Gulf Cleanup Could Go beyond 2011: U.S. Experts
    2010-06-19 08:57:46     Xinhua      Web Editor: Jiang Aitao
 

A frame grab of a live video stream of operations to stop the Deepwater Horizon oil spill is seen on June 17, 2010. [Photo: CFP]

Special: Oil Spill Impact

by Matthew Rusling

Although it remains unknown when the oil leak in the Gulf of Mexico can be plugged, efforts to clean up the massive BP oil spilled so far could continue until 2011 and well beyond, some experts said.

Rick Steiner, a conservation consultant and former professor at the University of Alaska, said efforts to clear the waters, marshes and beaches of oil could take until next year.

Moreover, there is no guarantee that every trace of the BP spill will be mopped up, as some oil from the 1989 Valdez spill, which took three seasons to get rid of, remains on Alaskan beaches after more than two decades, Steiner noted.

Mark Zappi, dean of the University of Louisiana at Lafayette's College of Engineering, said the length of the cleanup hinges on when the leak is plugged.

A ruptured oil well off Louisiana's coast has gushed an estimated 500,000 to one million gallons (one U.S. gallon equal to 3.785 liters) daily for eight weeks.

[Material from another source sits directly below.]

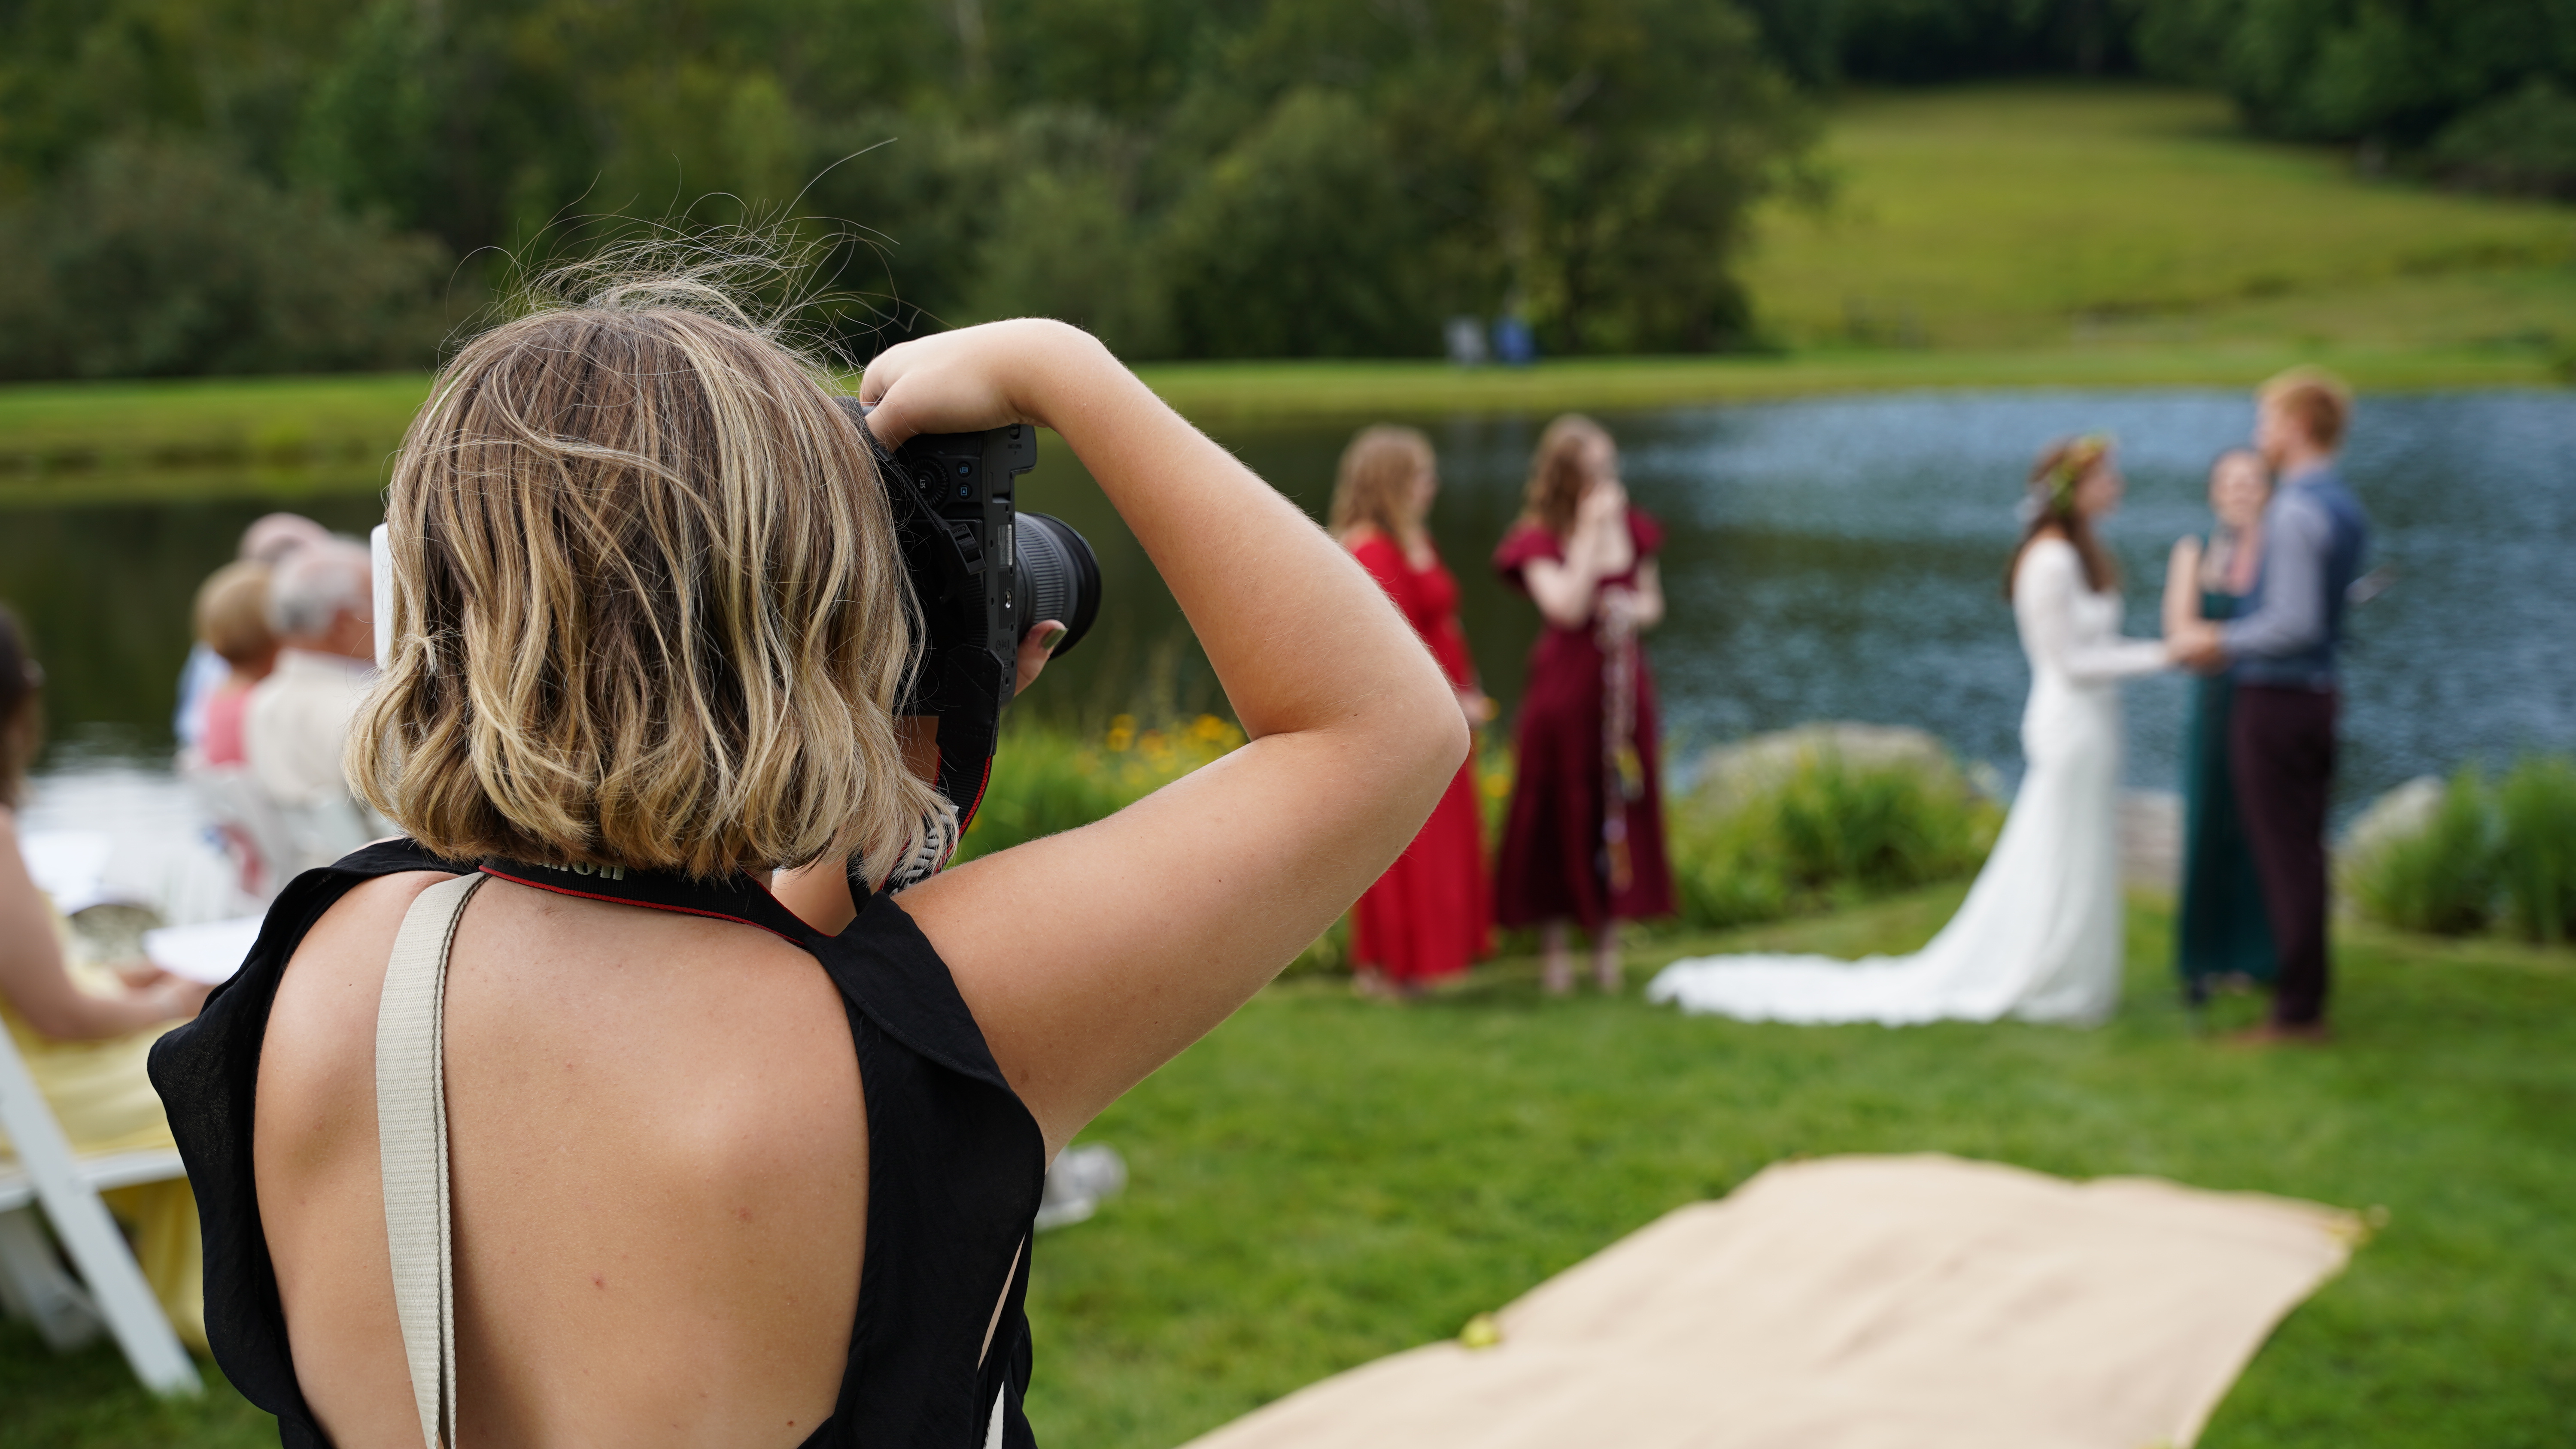 Emily photographing her first wedding.
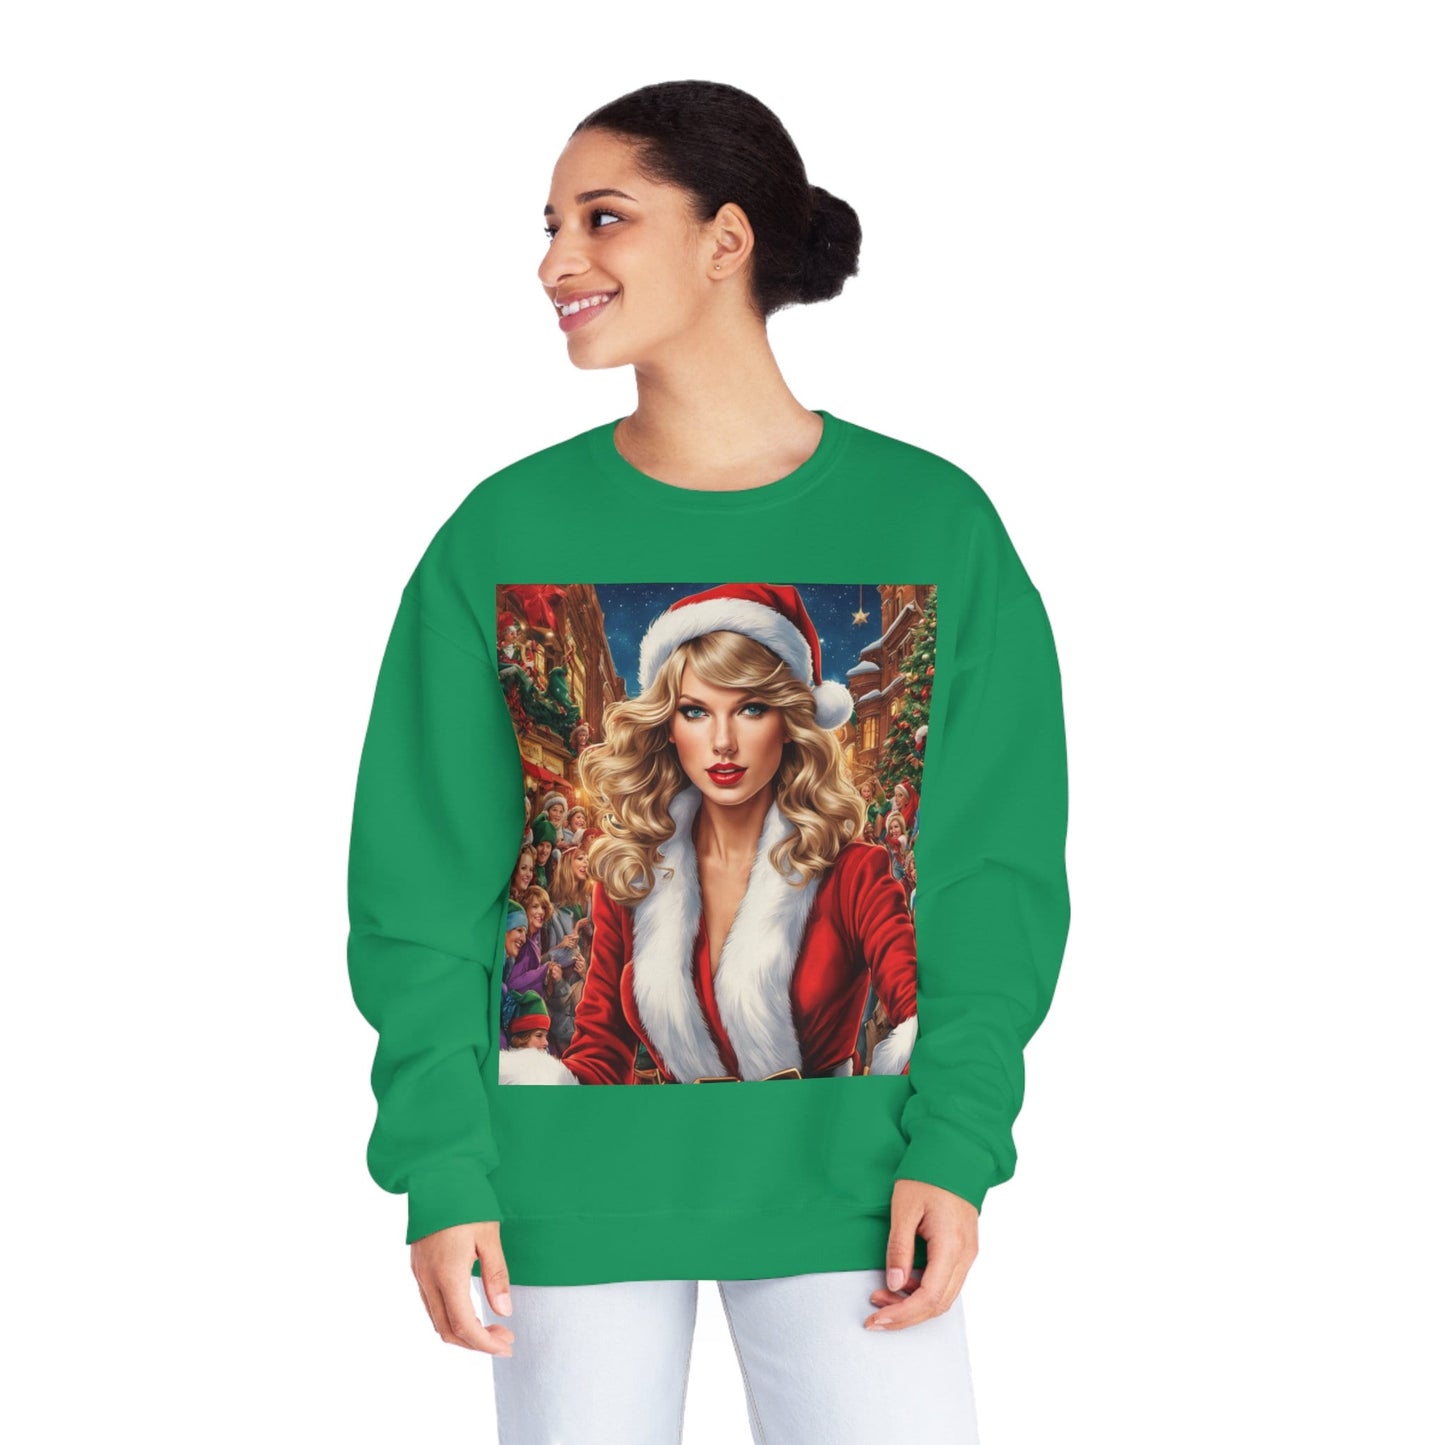 Ugly Swiftmas Sweater Perfect for Christmas Gift for Swiftie Men/Women

A containment cap, installed on June 3, is collecting oil and gas flowing from the offshore well and transporting them to a ship on the surface, according to BP's website, but crude continues to escape. The company began siphoning oil from a second containment system on Wednesday, the site said.

If the leak is plugged within the next month, cleanup efforts could take up to 2012, but pockets of oil could remain for years afterwards, said Zappi, who is involved in the cleanup effort.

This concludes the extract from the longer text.